Markman thinks the success of these other artists doesn’t necessarily mean that “keeping it real” has lost its importance, it’s just being redefined for a new era. “‘Keeping it real’ doesn’t always mean ‘street,’” Markman said. “The College Dropout-era Kanye West was keeping it real. Drake was keeping it real when he dropped So Far Gone and talked about his feelings, heartbreaks, and adjustments to fame. Kid Cudi was keeping it real when he talked about depression.”
“There are many fans who don’t care, as long as it sounds good, they’re sold,” he continued. “But I feel like for an artist to have real longevity, then there has to be some level of authenticity in their work. What a lot of artists don’t get is that audiences are fickle, what’s cool today can change a year from now. The best artists are able to adapt with time because they share their truth with their audience.”

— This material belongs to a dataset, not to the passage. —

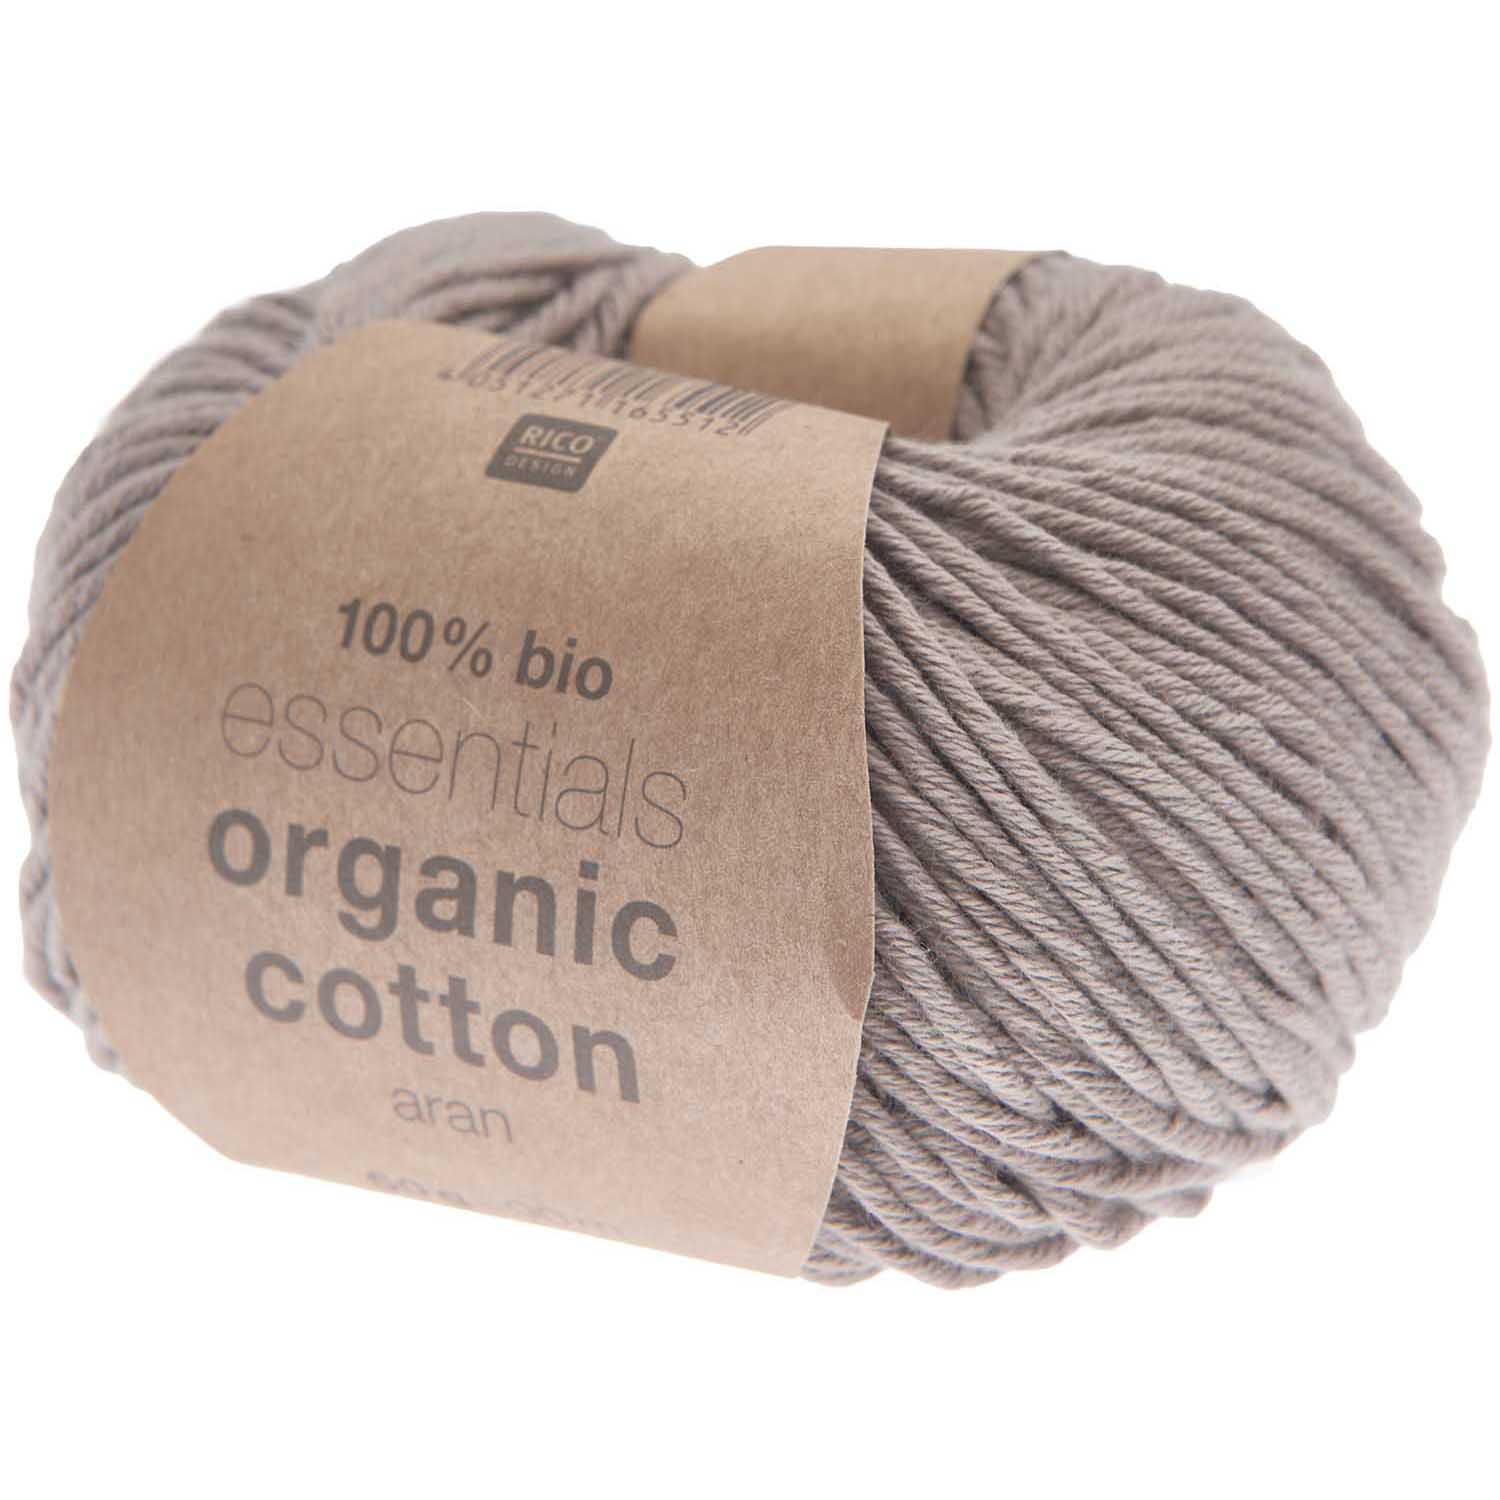 Rico Essentials Organic Cotton Aran - Taupe (025)

Carmichael asserts that the import of authenticity in rap, when positively focused, can help the genre and the culture to progress.
“[Hip-hop needs to return] back to the true-to-self ethos,” Carmichael said. “Originality, innovation, ingenuity of the sort that led a bunch of disenfranchised kids in the Bronx to start throwing parties with their parents’ records, powering up with streetlights in the park, isolating breakbeats to extend the groove, and later, sampling to replace the lack of instrumentation as a result of underfunded music education in schools. That sort of ingenuity is the real ‘keeping it real.’”
He’s right. Hip-hop is being used as therapy at special schools in underserved communities and has been used by enterprising teachers to help convey fundamentals like math and geography. Chance’s own Open Mike series of events in his native Chicago is geared toward showing kids how to express themselves creatively so that they don’t have to resort to acting out violently in the streets and can apply the same skills that go into creating and marketing music — from creative writing to implementation of business plans — to achievement in other areas of life.
Hip-hop no longer needs cartoonishly exaggerated depictions of violence, which can be as detrimental to both the culture and its entertainers, to be the sole criteria of authenticity. Hip-hop, as an art form and as a culture, may not have set out to glamorize violence but the elements of industry surrounding hip-hop, the ones who exploit the culture and the art-form, continue to do so. The culture itself can benefit from a critical reexamination of violent authenticity, in both how it fits into and affects the culture as well as the mainstream at large.
Keeping it real still seems to be the critical function of hip-hop, but the goal should be staying true to oneself, not a manufactured idea of gangsta, street credibility. It’s not only critical to the continued success of the individual artists, but also important to create new archetypes for future generations, so they don’t become trapped in a cycle of continuing violence or living out a fantasy with dangerous real-world implications.